И, уже стоя там, у этого самого портрета, мы почему-то точно ощущали, что в это утро от всех нас, от целого народа, хилой частью которого в то утро мы тоже, наверное, себя впервые ощутили, уходит целая эпоха, о которой, как ни странно, воспоминания остались чистые и простые.

Помню почему-то белый-белый пушистый снег, мы собираемся с отцом покупать мне к Новому году подарки, идем в ДЛТ (Дом ленинградской торговли), там в центре огромного торгового зала стоит невероятных размеров елка, пушистая, вся в огромных белоснежных комках ваты. Наверное, это не только мое детское впечатление: в те послевоенные годы казалось, что и вообще вся жизнь начинает белоснежно налаживаться и с каждым днем будет все белее, все лучше и веселее.

Помню, как дома все рядком садились у радио и слушали торжественным голосом зачитываемый Левитаном «Указ о снижении цен», и при каждой оглашаемой цифре («изделия из хлопка – на восемнадцать процентов!») изо всех родственных ртов само по себе вырывалось счастливое «А-ах!». Одновременно продолжали стоять в очередях за мукой с написанными на ладонях номерами. Меня тоже приводили «стоять»: на человека давали по три кило – получалось, я тоже уже человек, муки насыпали больше.
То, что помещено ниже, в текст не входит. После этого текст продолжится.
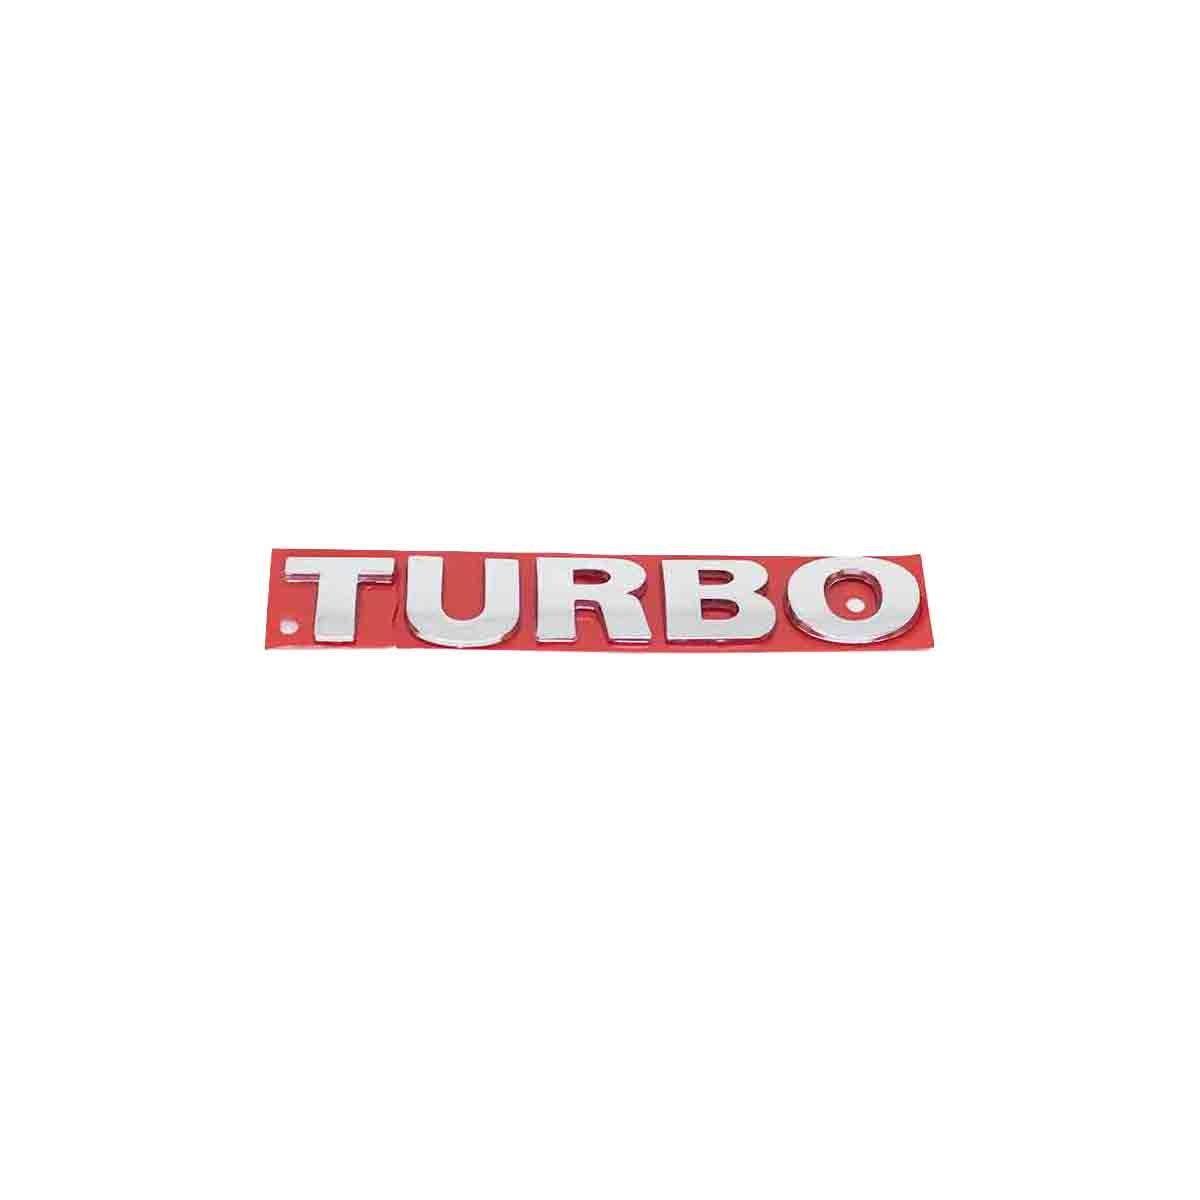 Emblema Turbo VW G3 Cromado

Вот это ощущение праздника, белизны снега, радостного убранства елки, вообще радостного убранства жизни – было столь сильным, что казалось, настоящая жизнь происходит от Нового года до Нового года и ничего, кроме радости, судьба тебе в будущем не подарит. Даже невеселые стороны жизни казались какими-то светлыми, что ли. Помню журнал «Крокодил», на обложке которого добрая русская женщина в белом халате врача вытряхивала из мусорного ведра много-много длинноволосых, неприятных, в грязных, кровавых халатах людей. Я не слишком представлял, кто эти люди и что это за «дело врачей», но от картинки веяло силой, задором, весельем, чувством справедливости. Слова «еврей» я вообще никогда до поступления во ВГИК не слышал, вплоть до той самой, знаменитой, наделавшей много шума речи Михаила Ильича Ромма в ВТО. До нее, так уж у меня складывалась жизнь, я не ведал ни про антисемитизм, ни про «еврейский вопрос». Так что, глядя на картинку в «Крокодиле», никак не отождествлял карикатурных носатых уродов с евреями – это были просто какие-то скверные, неприятные люди, от которых надо было очистить жизнь, чтобы они не пачкали белый-белый снег вечного праздника.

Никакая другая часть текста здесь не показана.